“I’ve seen the devil, you know.” Astrid hesitated for just a second before continuing her busy work, wiping the bar with a cloth more out of habit than with any purpose, she tried not to change her expression at this admission.
“You have not.” She dropped the bait. This was one of her favourite parts of her job, after enough mead the townspeople here, paranoid and god-fearing, always had good stories to tell, and this early in the evening there was nothing Astrid needed to do but listen.
“I swear it. More than once.” For a second, Therion’s face appeared to grey.
“When?”
“The first time was when I was a little boy, I woke up in the middle of the night and immediately had the feeling that I was being watched. I pulled the covers up under my chin and watched in horror as a shadow in the corner turned and swirled into the shape of a woman. She was the most beautiful woman I had ever seen. I was just a boy but even now, as a man, I have never seen anyone more beautiful. The only thing that gave her away as unnatural was her height, she was much taller than an average person, she had to bow her head slightly to avoid the ceiling.
She had her hands together as if holding something precious, she came closer and held her hands out to me, opening them. Inside was a plain, iron key. The closer she came, the more the scent of burned roses filled my nose.
‘Take it — keep it close.’ She was smiling, and her voice trailed along with the whistling of the wind in the rafters and echoed into my bones. I reached out, and as soon as the key left her hand, she disappeared into the swirling darkness she arrived in. I tucked the key under my pillow and felt the deepest fatigue I’d ever felt. I don’t even remember settling back into my bed before the sunlight was upon me the next morning.
I kept the key with me at all times, I never went to bed without tucking it back under my pillow, and never left my bed without taking it with me. Every single morning I was surprised to see it still there, as if this had just been a long dream and one of these days I was going to wake up, find it absent, and that clarity that comes upon fully awakening would come, how silly I would feel to have believed it to be true.
I grew up in a town far from here, the second oldest of five, my father was a farmer and was very quick to temper. We walked upon egg shells every day and did what we were told, my siblings and I. One day, on the way back from the barn I tripped over a root, and time seemed to slow down as I watched the bucket of cow’s milk I had been holding fall to the ground, and begin soaking into the earth. Before I had the chance to register what was going on, I heard the booming voice of my father, still drunk from the night before as he grabbed my arm and dragged me towards the cellar. I couldn’t understand what he was saying, but his frenzied mutterings dripped with a hatred I had never felt before. I remember the pop of my shoulder dislocating, and being thrown down the six feet into the cellar before I blacked out.” Therion’s hand instinctively went to his shoulder, as if to make sure it was back where it was supposed to be.

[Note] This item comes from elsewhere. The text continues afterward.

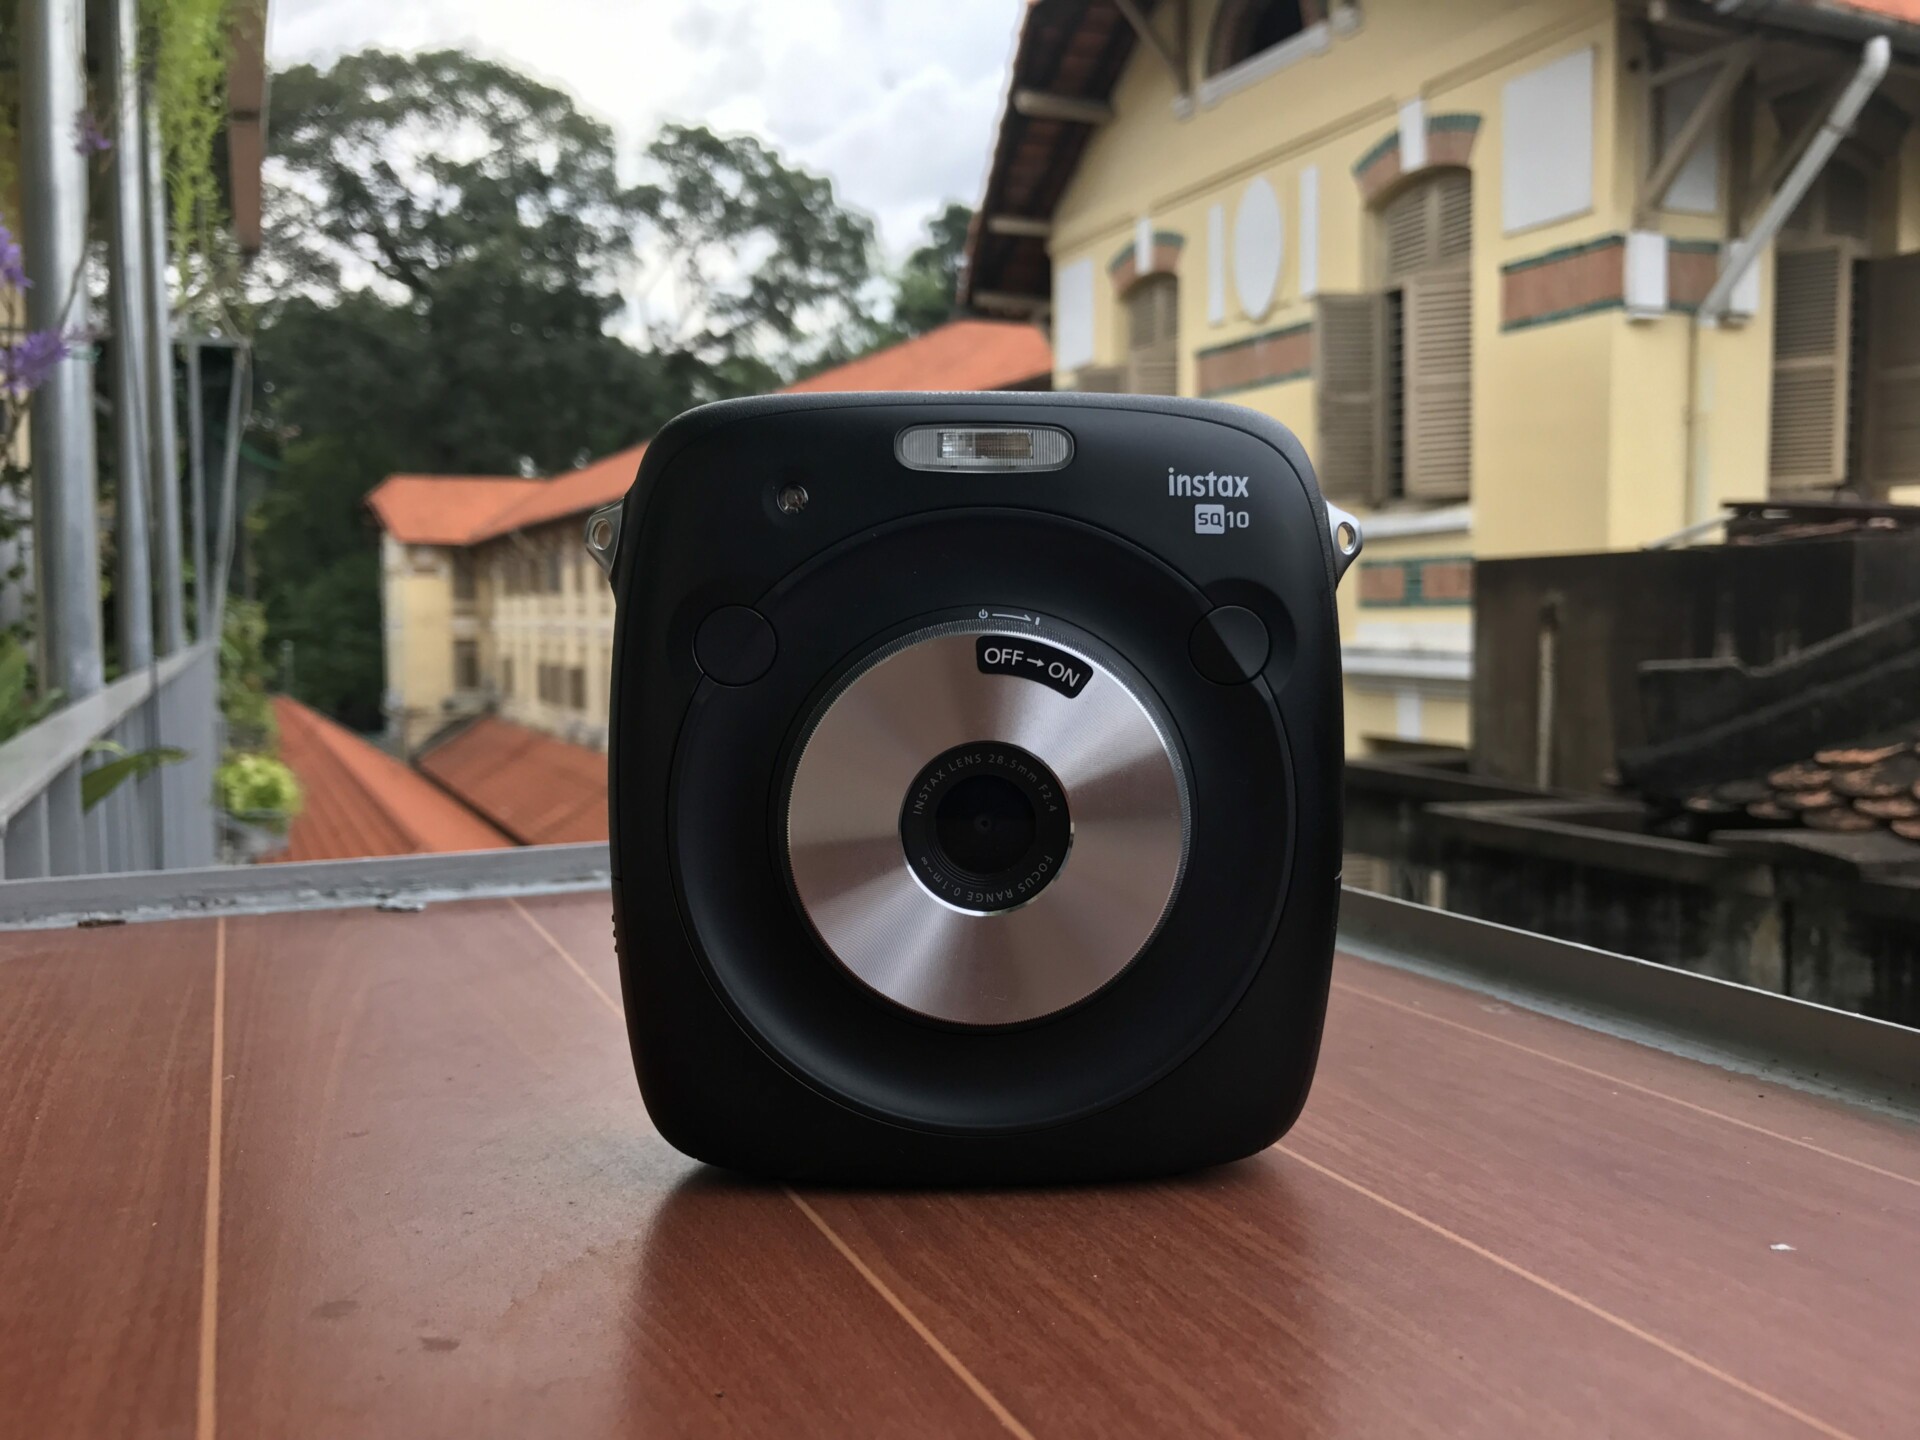 Trên tay Fujifilm Instax SQ10, máy ảnh in liền có gì hay?

“I woke up some time later to complete silence, kind of like this,” Therion chuckled and hesitated a moment before continuing. “Cracks of light from the house above me filtered down through the wooden floorboards. I heard no baby sister crying, or laughing. No younger brothers fighting in the living room. No murmurs of my mother and older sister worrying over recipes in the kitchen. No footsteps, no life.
I paced for a moment, quietly, afraid to disturb the silence, then I took a piece of my shirt in my teeth and with my good arm ripped a length of cloth to wrap my arm with. As I did so, I heard a clatter as the key from my pocket fell and hit a stone on the cold ground. I picked it up and without hesitation, used it on the cellar door, and pulled myself painfully into the sunlight. Everything looked perfectly normal outside, but I knew not to go into the house, I had heard my father’s roaring voice a hundred times, but that silence was the most terrifying sound. I walked to a neighbour, who was about a mile away.

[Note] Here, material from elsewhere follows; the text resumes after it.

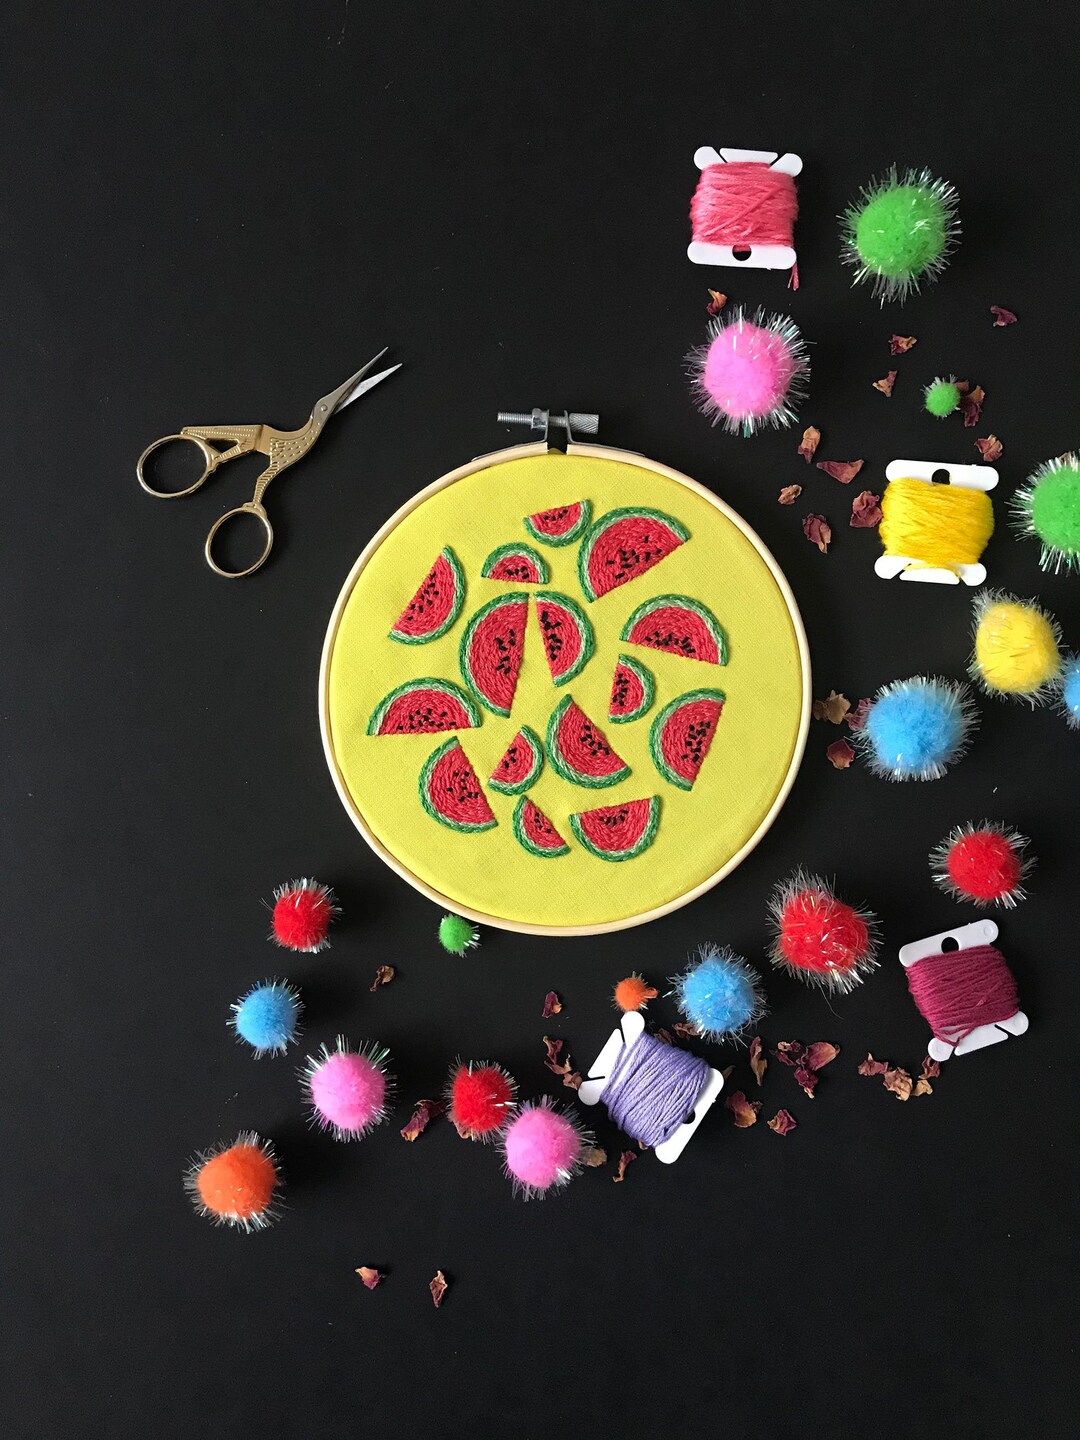 Toadstool Mushroom Embroidery Kit, Needlecraft, Embroidery Pattern,  Beginners Needlecraft, Modern Embroidery Kit, Hoop Art, Embroidery Art

I never asked what happened, I knew. I was never brought back to that house, and was sent here to live with my mother’s sister.” Therion paused, reached into the top of his shirt and produced a small iron key on a thin leather cord. “But I’ve kept this with me every single day since.”
The clanging of the bell above the door interrupted the spell cast over the two of them, and Therion quickly tucked the key back into his shirt, his face snapped into a smile and he cheerfully greeted the two men who entered. Astrid watched him don the mask and followed suit, wearing a smile of her own and acting as if the rug had not just been ripped out from under her. The three men talked about the weather, their work, their partners. More customers arrived, and soon the tavern was filled with familiar faces and the lilting of a lyre from the stage in the corner.
The next few times that Therion came to the tavern, he acted as if he’d never told Astrid the story of the devil and her key, now obviously visible under the fabric of every shirt he wore, but then, he hadn’t had as much to drink as he had on that evening.